I would guess watery gooey mess as far as the turkey itself goes, however it might work, especially with the dark meat which is fattier. I have a friend that cooks a whole chicken in the crock pot with tomatoes and seasonings, then removes the bones and skin once it's done. He then adds partially cooked rice and green beans and cooks it for about an hour longer. I thought the chicken would end up gross for the same reasons I'd expect turkey to end up gross but it was finely shredded and actually pretty good. Instead of doing an entire turkey, you might try picking up a thigh and leg combo first and experimenting with that. What sort of flavorings/seasoning were you thinking about adding?


----------



## TomatoMustard (Jul 22, 2011)

So that's the answer to the question. Fat. There is not enough fat in turkey to make a long, slow cooking process work. That's the part I was missing in this whole thing. 

I concede.  I'll go with frying.


----------



## Chief Longwind Of The North (Jul 22, 2011)

Brining turkey with herbs will impart extra flavor into the meat.  Roasting or barbecuing until the thickest part of the breast reaches 155"F. and removing from heat, let rest for 15 mintues, will give you moist, tender turkey.  Smoke will enhance the flavor as well.  If it's still too dry for you, insert bacon lardoons into the breast.

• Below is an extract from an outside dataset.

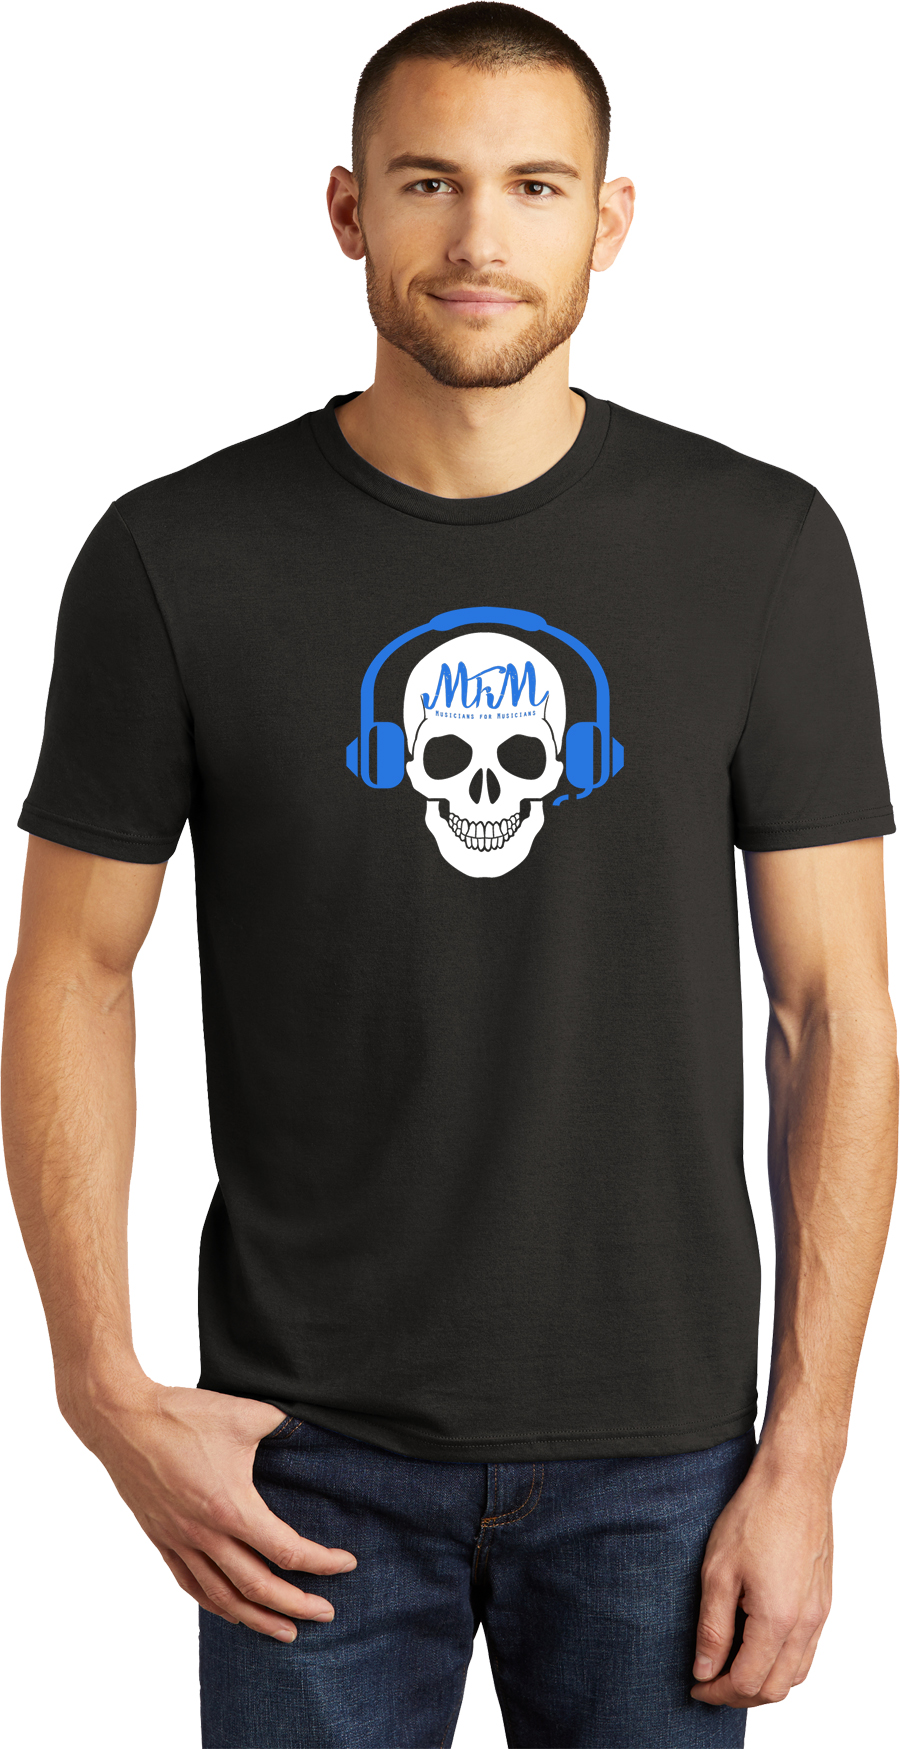 MFM Got A Nu T-Shirt On Sale! A Skull?!

Seeeeeeeeya; Goodweed of the North


----------



## purple.alien.giraffe (Jul 22, 2011)

TomatoMustard said:


> So that's the answer to the question. Fat. There is not enough fat in turkey to make a long, slow cooking process work. That's the part I was missing in this whole thing.
> 
> I concede.  I'll go with frying.



Have you ever thought about dicing it up and stir-frying it with other ingredients? Maybe mushrooms, celery, onion, garlic, some black pepper and tarragon? Actually, that sounds kind of good. Hmmm, _I_ might have to try that and I like turkey roasted Thanksgiving style.


----------



## TomatoMustard (Jul 25, 2011)

purple.alien.giraffe said:


> Have you ever thought about dicing it up and stir-frying it with other ingredients? Maybe mushrooms, celery, onion, garlic, some black pepper and tarragon? Actually, that sounds kind of good. Hmmm, _I_ might have to try that and I like turkey roasted Thanksgiving style.


 
I really haven't. I just don't really like the flavor of turkey for some reason. I have actually never had it smoked.. that might be a good one to try.


----------



## Chief Longwind Of The North (Jul 25, 2011)

TomatoMustard said:


> I really haven't. I just don't really like the flavor of turkey for some reason. I have actually never had it smoked.. that might be a good one to try.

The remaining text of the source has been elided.